Other banks are planning to expand by adding offices, including Chase, which announced plans a year ago to open as many as 70 branches in Maryland, Virginia and Washington. Chase has already applied for regulatory approval to open several Baltimore locations.

Now, the $21 billion-asset Fulton Financial has also joined the party with plans to open a branch just east of downtown later this year. The Lancaster, Pa., company would like to open "probably two or three more next year,” Chairman and CEO Philip Wenger said during a Wednesday conference call to discuss quarterly earnings.

Fulton's initial branch will be just a block away from where it opened a loan production office earlier this year, Curtis Myers, the company’s president and chief operating officer, said in an interview.

Fulton plans to pattern its Baltimore expansion after a template it used in Philadelphia, where it opened three branches earlier this year. Before that, Fulton “had not really been in any" major metropolitan areas, Myers said.

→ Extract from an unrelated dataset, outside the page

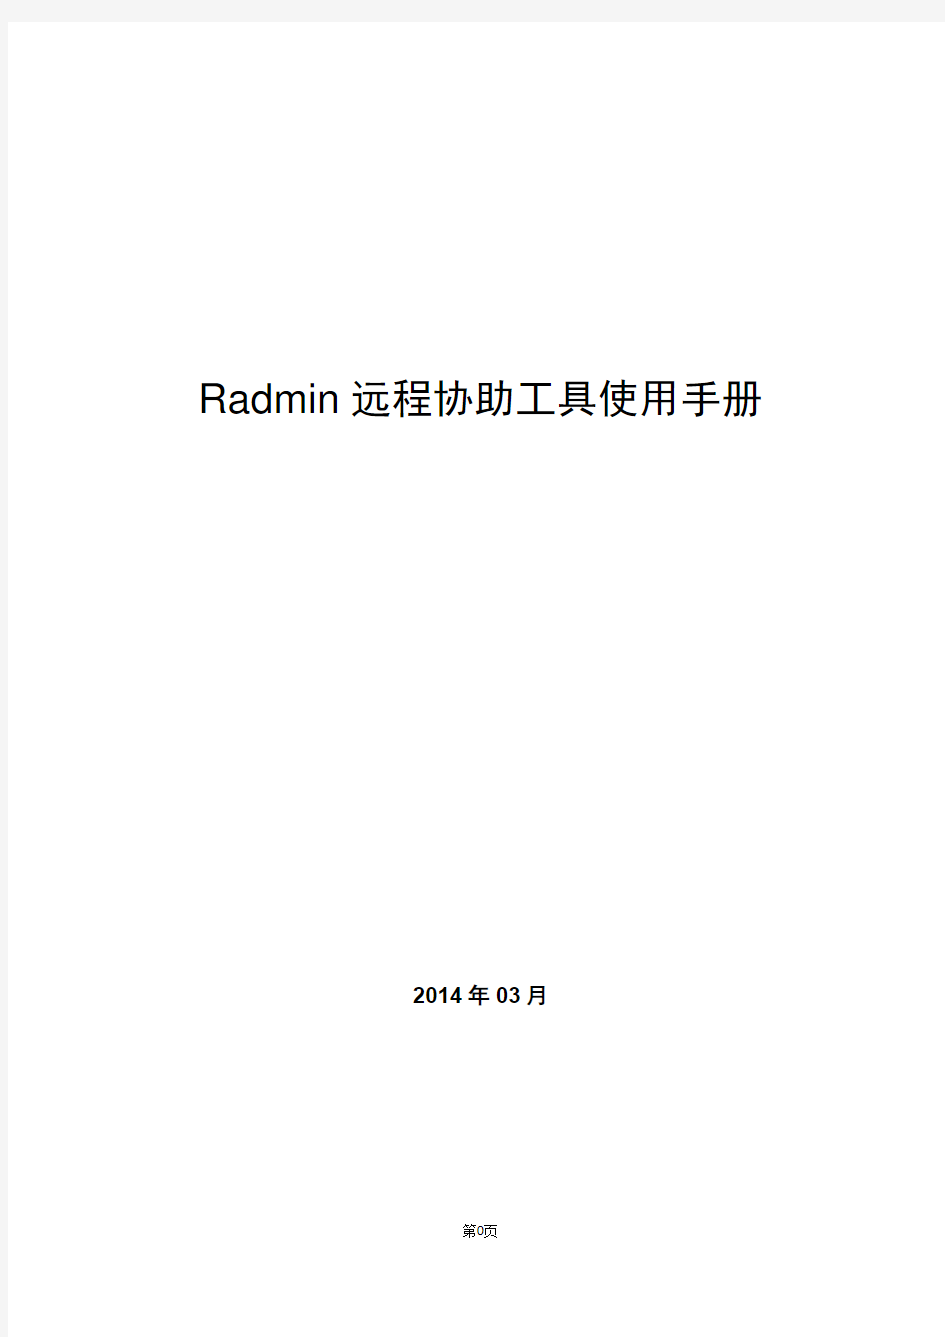 Radmin 远程协助工具使用手册

“When we looked at Philadelphia and Baltimore, we realized they're really just a group of communities and neighborhoods,” Myers said. “Our strategy of taking deposits, making loans and supporting the local community we can do neighborhood by neighborhood. ... It really is our same community bank strategy deployed in a metro market.”

Fulton also plans to merge its Columbia Bank unit into its flagship Fulton Bank. Columbia Bank has a branch on the northern rim of Baltimore, along with more than a dozen others in the city's suburbs.

Its numbers in Philadelphia suggest Fulton can gain traction in an urban market. It has booked $350 million in loans and $50 million in deposits in Philadelphia. Deposits are starting to accelerate now that the company has more branches open, Myers said.

As in Baltimore, Fulton made its initial entry into Philadelphia with commercial and residential lending teams. “Now that we have all three branches open, we’re seeing our deposits accelerate as well,” Myers said.

Fulton expects to devote most of its expansion efforts in Philadelphia and Baltimore for the foreseeable future, with an immediate focus on building more branches around the latter.

"Our priority will be to get a few branches in key neighborhoods opened in Baltimore," Myers said. "We want create that base in both cities and really kind of go from there."

Scully, who has spent her entire 45-year banking career working in and around Baltimore, said Fulton has a solid blueprint.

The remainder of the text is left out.